Only 9% of jobs, not 47%, are at high risk of automation - martincmartin
http://www.economist.com/news/finance-and-economics/21699930-reasons-be-less-afraid-about-march-machines-im-afraid-i-cant-do
======
rskar
tldr; :"One widely cited paper by Carl Frey and Michael Osborne at Oxford
University found that as many as 47% of Americans work in jobs that will be
highly susceptible to automation over the next two decades. But a new working
paper by Melanie Arntz, Terry Gregory and Ulrich Zierahn of the Centre for
European Economic Research paints a slightly brighter picture. ... But the
newer study finds that three-quarters of those jobs involve some group work or
face-to-face interaction—tasks robot struggle with. Applying a similar
analysis to all jobs, they find that only 9%, not 47%, are at high risk of
automation. ... And finally, even if the 9% figure is closer to the truth,
that still threatens the livelihood of millions. For the poorest quarter of
the population, the proportion of jobs at risk rises to 26%, since more of
them work in the sort of routine jobs most susceptible to automation."
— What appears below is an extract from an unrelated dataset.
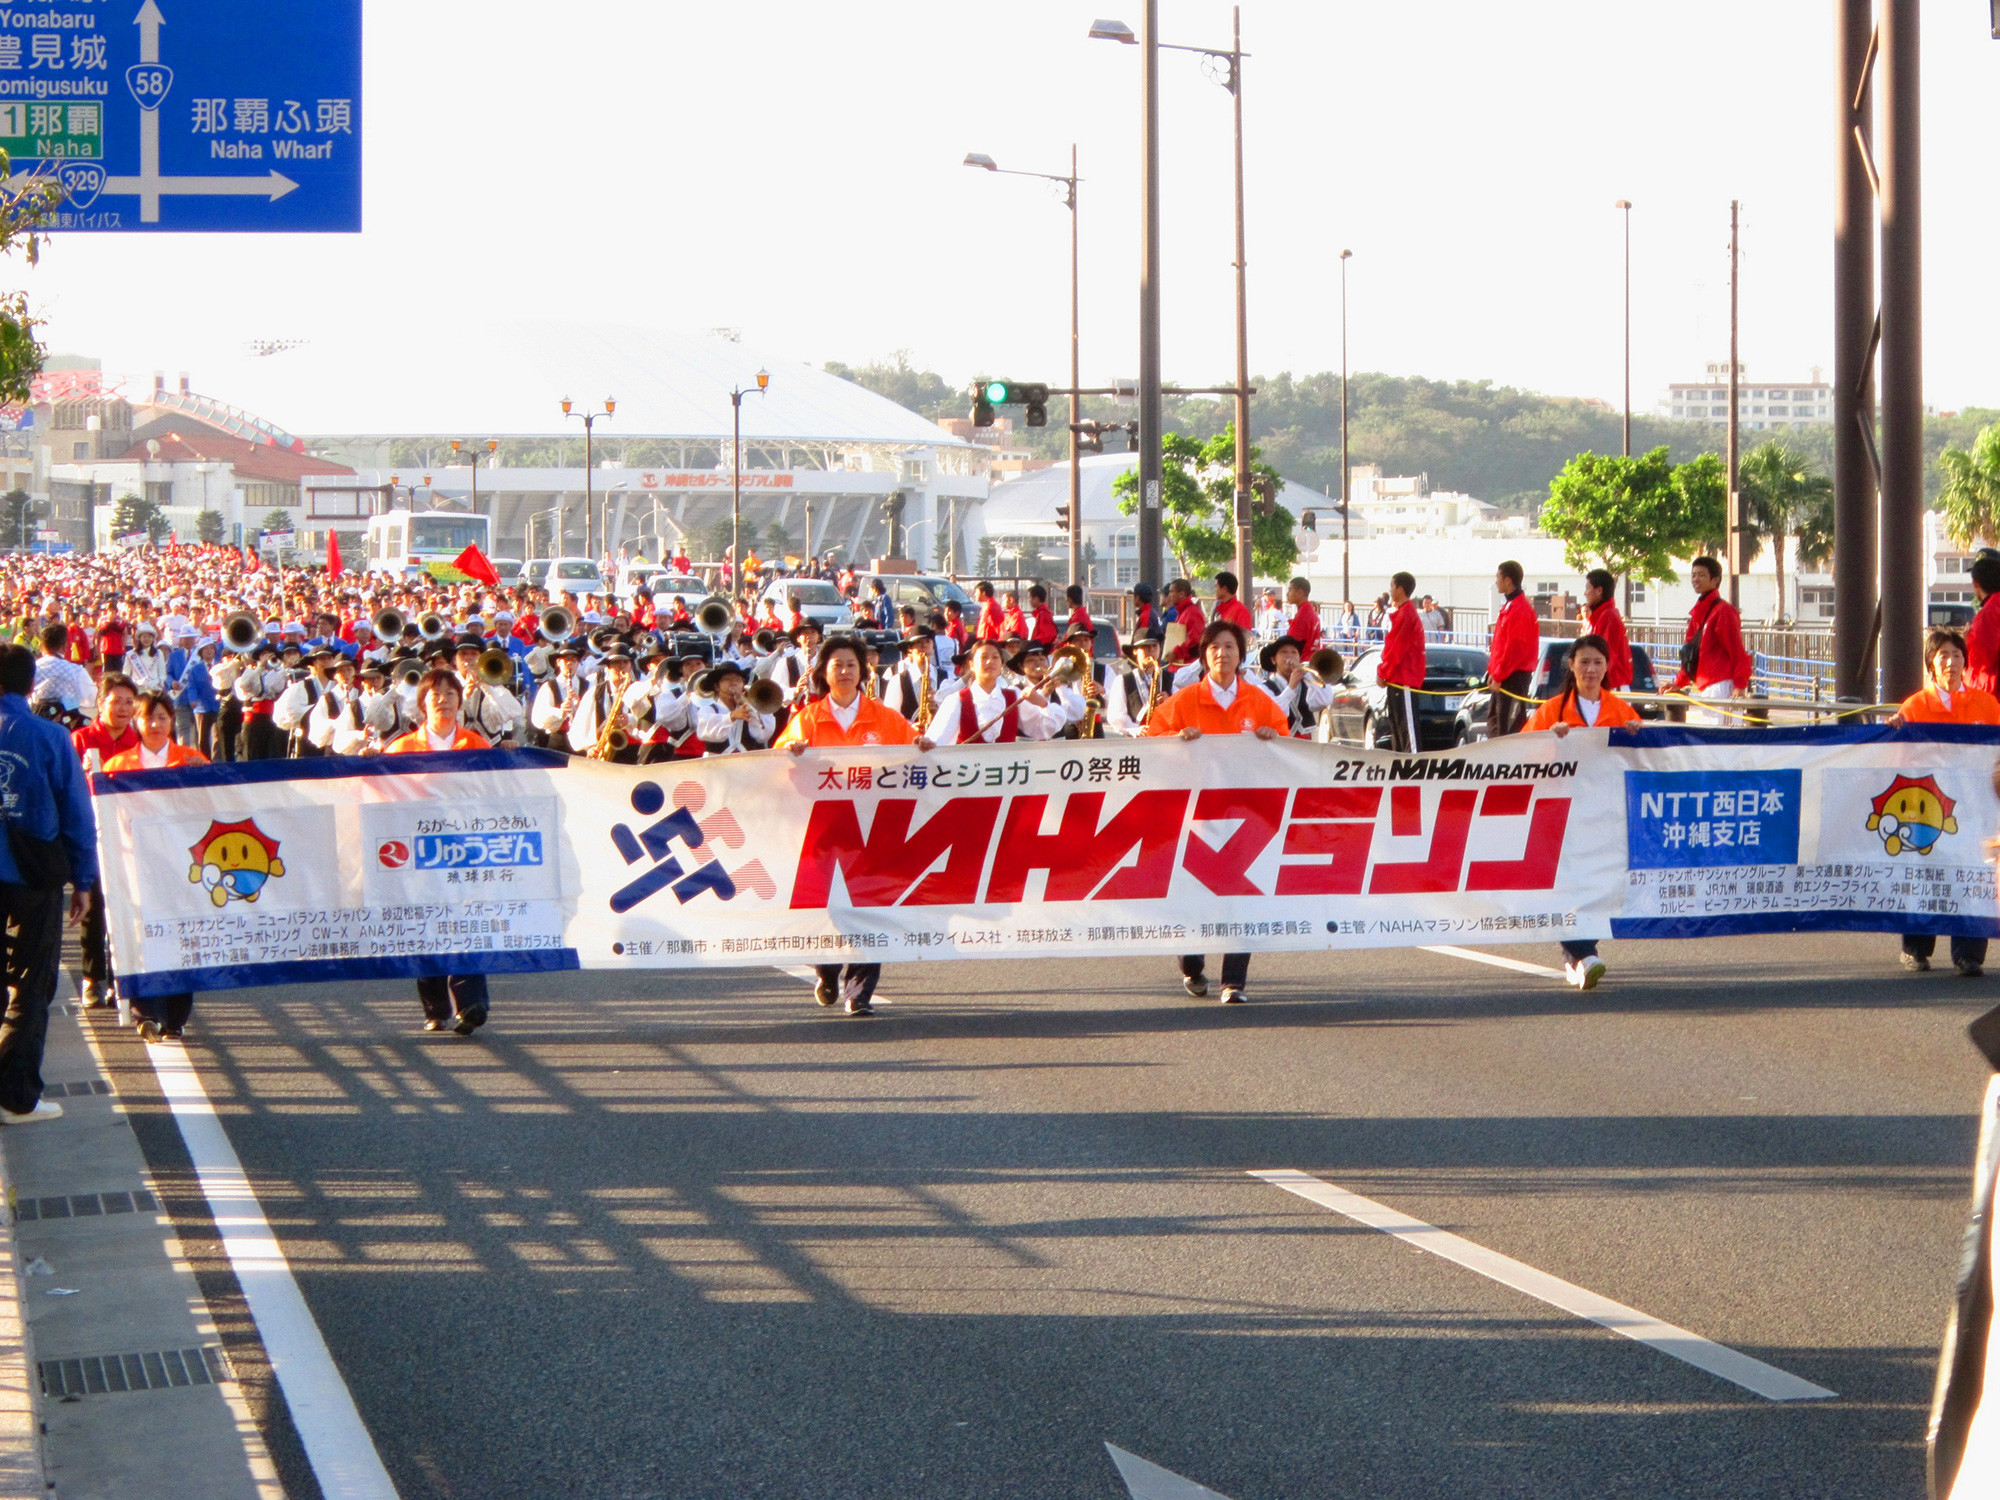 Naha Marathon Will Not Take Place This Year

(Not sure, but I think this is) Their paper:
[https://www.advisorsandpartners.co.uk/wp-
content/uploads/201...](https://www.advisorsandpartners.co.uk/wp-
content/uploads/2016/03/The-Risk-of-Automation-for-Jobs-in-OECD-
Countries.pdf). Page 20 suggests that unless your "Income Percentile" is much
above 50%, then you're among the (more-or-less) 20% of jobs lost to
automation. Get above 75%, then you're sitting pretty.